From my extensive experience with power cords, ZenWave Cables are probably the best bang for the buck in this industry. Many of their cables outperform cables many times its price. This especially applies to their UPOCC variants (silver & gold). The theme of ZenWave Audio cables is articulation, smoothness, and neutrality.
Furutech FI-46 (G) NCF vs. FI-50 (R) NCF
Once I started critically listening…it was easy to hear the enormous differences between the two connectors. Given the assumption that the cable composition would matter more, I tested the cables across more components and listening systems. After combining notes from weeks of listening, all of them aligned consistently. I have to say…I expected a difference with connectors, but not of this magnitude.
Let’s get to the differences. So the FI-46 (G) is a slightly warmer and meatier sound. It presents music with good footing and tangibility. It’s super smooth with a “heavier” sound. Switching to the FI-50 (R) NCF and you get a very different experience. First off, there’s an appreciable boost in resolution. Recordings sound more “alive” whereas the FI-46 was more calm, laid back, and relaxed. It’s a different mood across all genres of music.
The FI-50 is also quieter with more focused imaging. In addition, it separates and layers out the music far better than the FI-46. In fact, the FI-46 sounds like there’s a thick coating over the sound. Almost like a liquid gel sound – which is great if that’s what you’re looking for. It makes for easy listening but doesn’t breathe out as effortlessly as the FI-50. Consequently, the FI-50 is far more transparent sounding.
Which one is better?
My impression at the end of the evaluation was that most audiophiles will prefer the high fidelity of the FI-50 (R) NCF. Its vividness and openness are just more musically engaging. There’s also more holistic texture and detail which is important to a HiFi experience. Although the FI-50 isn’t as bold when it comes to transients, it relays them with better finesse and clarity. It’s better at preserving the intentional speed of how a guitar is plucked or how a piano note is keyed. The FI-46 is more heavyhanded and tangible but also comes off a little “muffled” and congested. It covers up some of the critical nuances, especially when it comes to stringed instruments and woodwinds.
To conclude, although both cables are 90% the same, they sound very different. To the point which got me thinking…maybe the connectors are more important? That’s kinda crazy talk, right? 🙂
So, what does the cable contribute?
As I was listening, I was trying to figure out what both cables had in common – since they both used the same damn wire. I wanted to know what makes this a Copper Ribbon ZenWave Audio PCR-14 cable. And this is what I came up with.
- Tone. Both are very neutral. Although the FI-46 was warmer, the overall character was more colorless. This is consistent with ZenWave Audio’s philosophy of “not touching the sound.”

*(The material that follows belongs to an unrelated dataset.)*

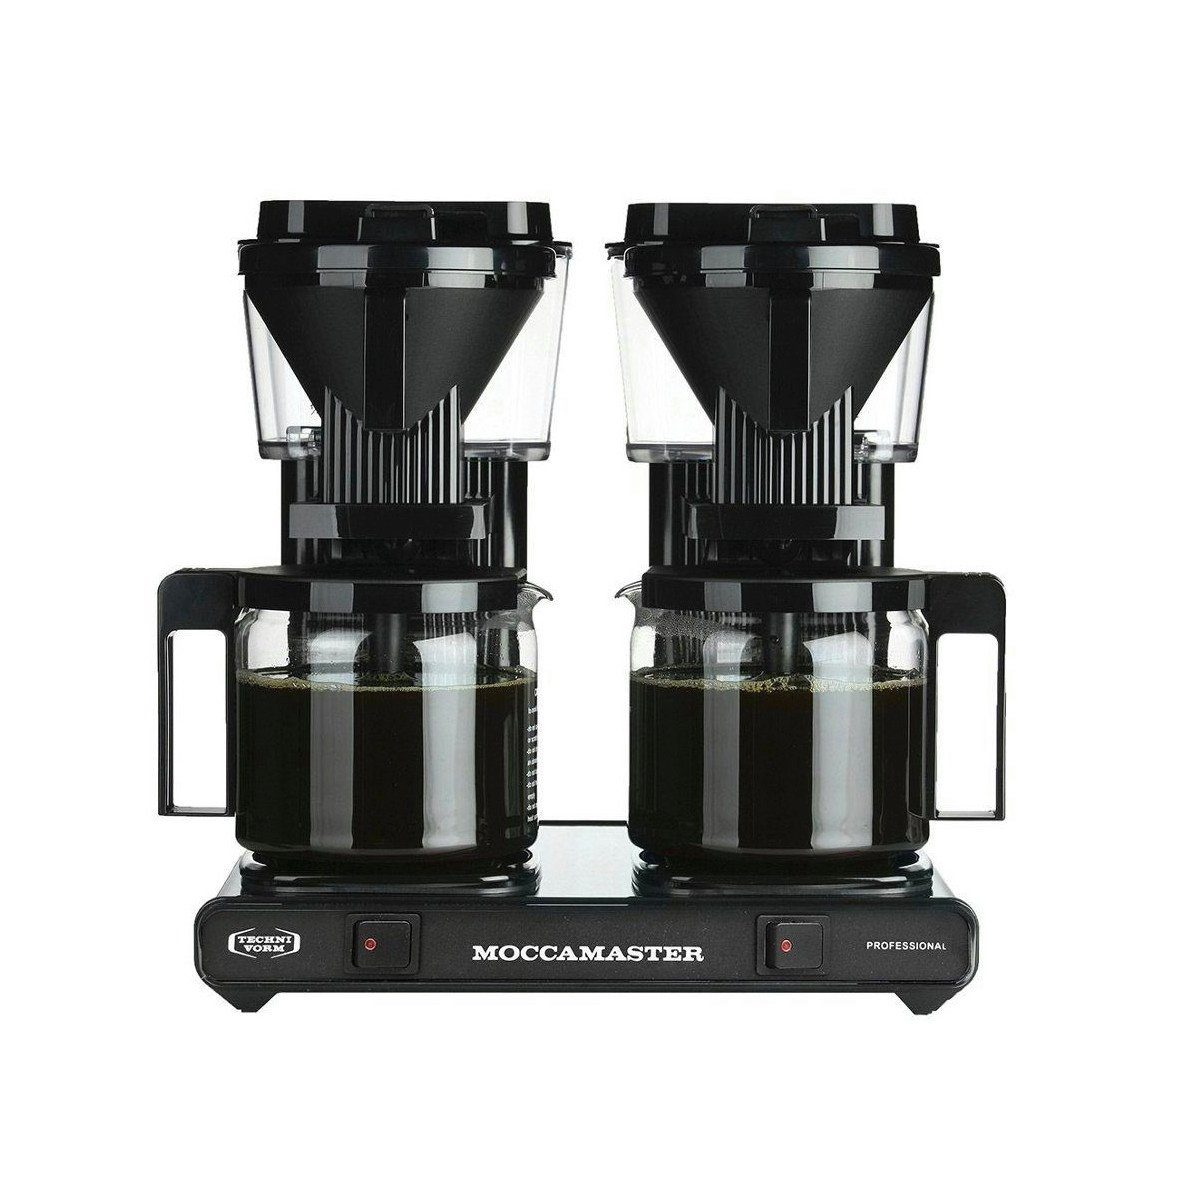 Moccamaster Filterkaffeemaschine KBG 744 Professional, 2x1,25 l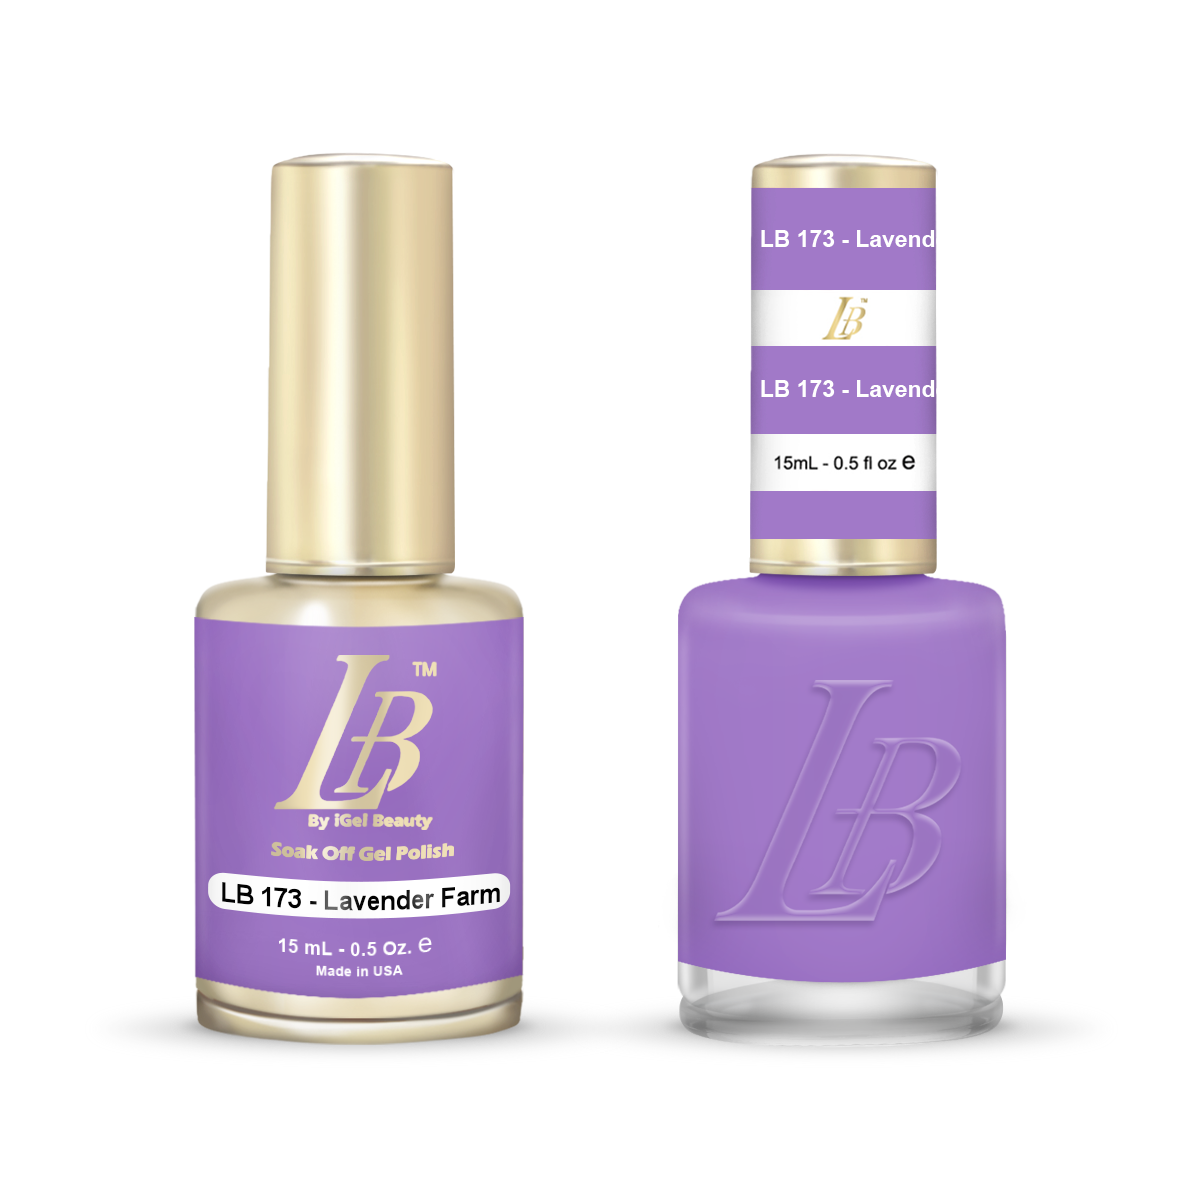 LB Duo - LB173 Lavender Farm

- Articulation. The two cables maintained a fantastic grip and control of the music. It sounds very analog yet collected and textured. There are simply no missteps in music. This is a level of precision that I don’t hear from most cables.
- Fullness. The PCR-14s are incredibly grounded and smooth. The music doesn’t artificially float but remains natural and existential. You never get a sense of haze or confusion. Although both cables have good acoustic molding, the FI-50 does add the meat in the right places. The FI-46 applies a broader brush that masks some of the inner details.
At this point, I have to say if you’re a fan of neutral – it’ll be tough to do better than the ZenWave Audio PCR-14 with FI-50 (R) NCF connectors. It’s a technical and musical achiever on many levels. If you prefer a more colored and golden hue, I would still use the FI-50 (R) NCF connectors but with darker sounding wire.
In short, the FI-50 (R) NCF connectors are an enormous upgrade – but are stupid expensive. You’re talking about almost $800 for two connectors for a single build.
When I discussed with Dave from ZenWave Audio about the differences I heard, here was his response:
The NCF material removes some noise and makes for a cleaner sound, but the previous FI-50 without NCF material was also a big improvement over the FI-28. It is amazing how much different AC power connectors can make. In many cases, you’re better off with a decent, basic machine-made copper cable + upgraded plugs vs a more expensive cable with lesser plugs. Furutech makes a lot of connectors available with the upgraded carbon fiber/stainless steel body, such as XLR and RCA plugs, DIN plugs, headphone plugs, and more. And while it’s expensive, it does make a big difference. And I think they are worth it if the price isn’t an issue.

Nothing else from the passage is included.